Thanks for comments. I don’t think there is a real disagreement. With sufficient fuzziness, one can offer estimates of attention. When two estimates diverge sufficiently, and seem fairly robust we can learn something. For instance, Christina Aguillera gets lots more attention than the woman who sings once a month in the local club.
Or take the method used to check on airport security personnel. (By coincidence I came up with the same scheme right after 9-11, but I thought it was too obvious as well as too much trouble to do anything about.) Actually such spot checks on attention are common in a variety of circumstances. Still, they don’t precisely measure attention at all. They measure some combination of attention and visusal observing ability, for instance, and of course it is the combined level that matters in this case. The same security officer who passes the test might be far more attentive at say a football game or a rock concert. And unless the sample objects are infinitely varied, they will not necessarily demonstrate that the guards who see them are the same ones who might spot the next shoe bomber or some other unexpected anomaly. It can become rather like driving; if you are familiar with a road, you may not be very attentive most of the time. A guard might become familiar with the fake test pictures.

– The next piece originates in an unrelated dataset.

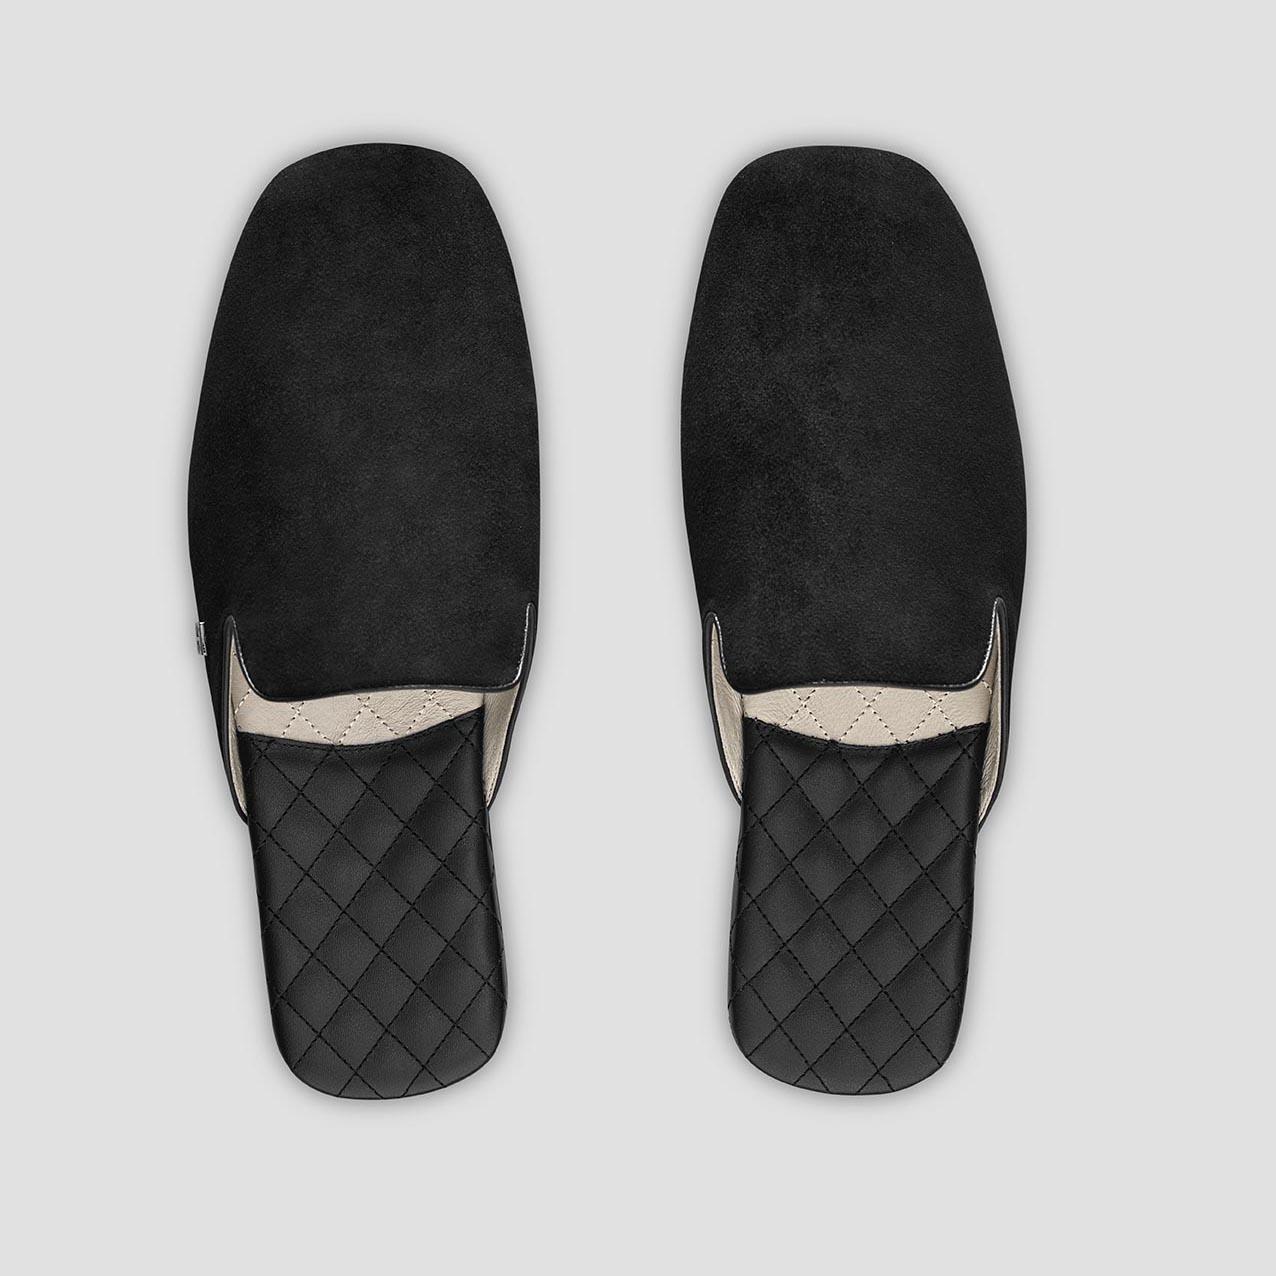 Тапочки Togas Реон черные мужские кожаные, размер 46-47 держатель для шланга размер s на липучке чёрный
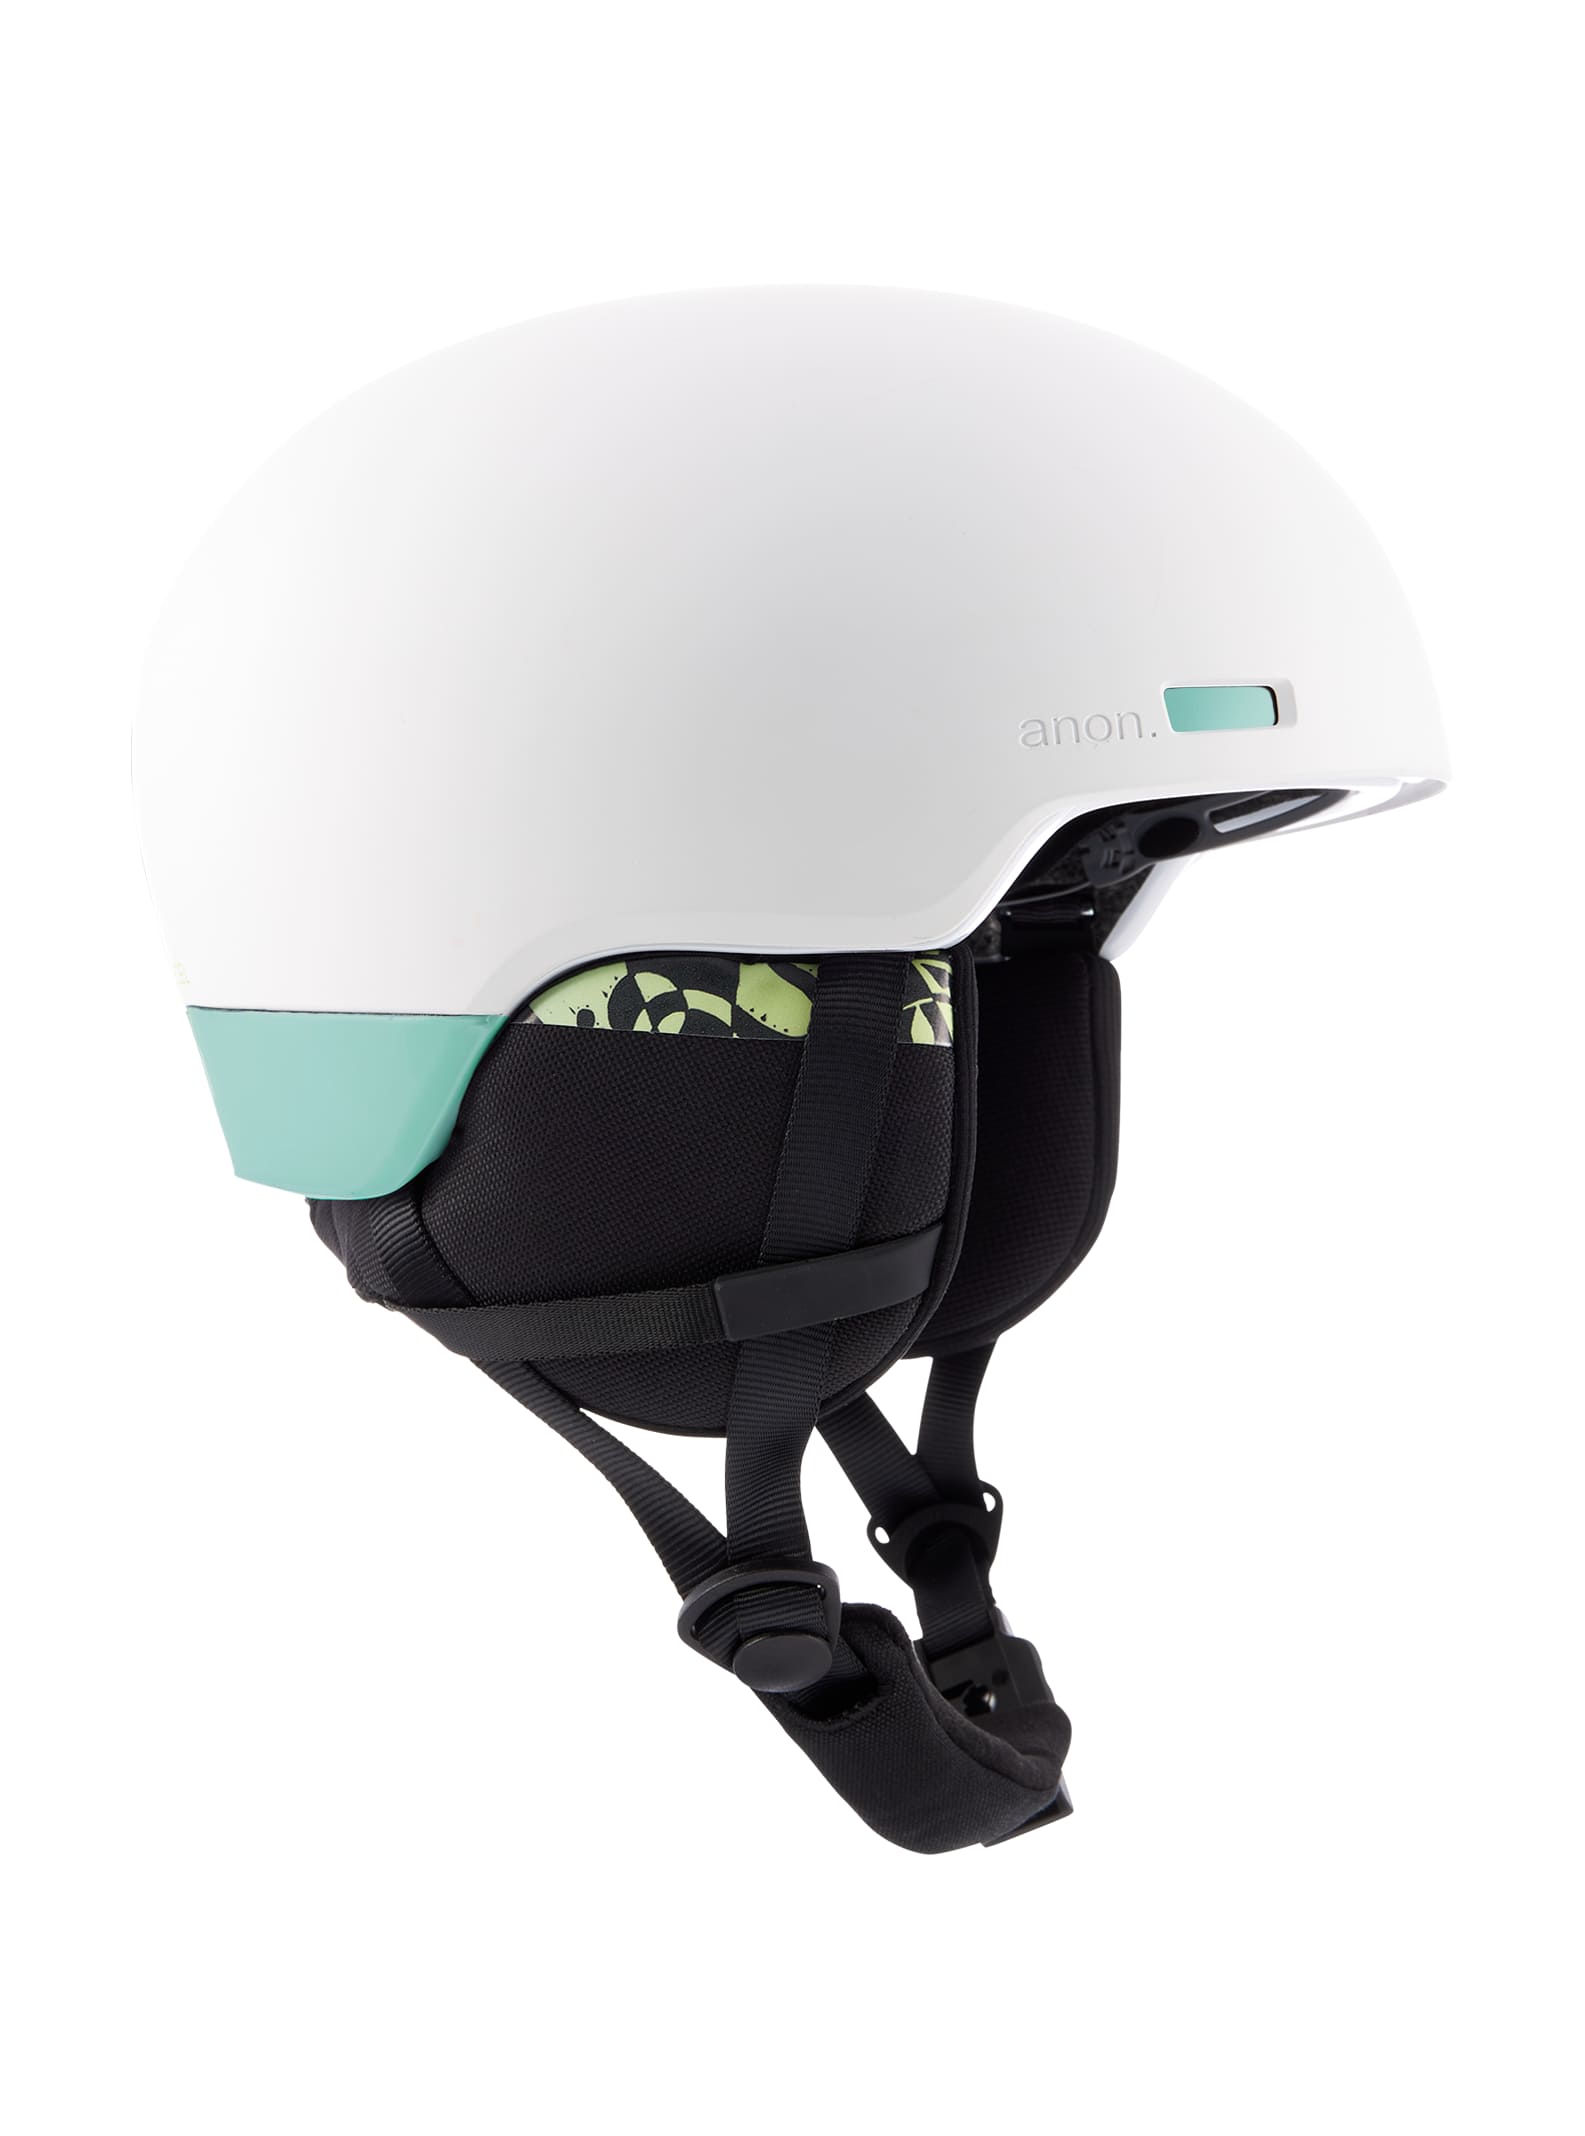 Anon Windham WaveCel Helmet | Burton.com Winter 2022 US

A psychoanalyst or a music critic would probably have to be much more attentive, but we can’t easily measure their performance by a test. We can only gauge it by paying complex and lengthy attention to either of them ourselves.
All of this suggests that we cannot count attention the way we may count the silverware or barrels of oil or medical doses. In many instances this might make no difference. I still maintain that overall it amounts to an important distinction.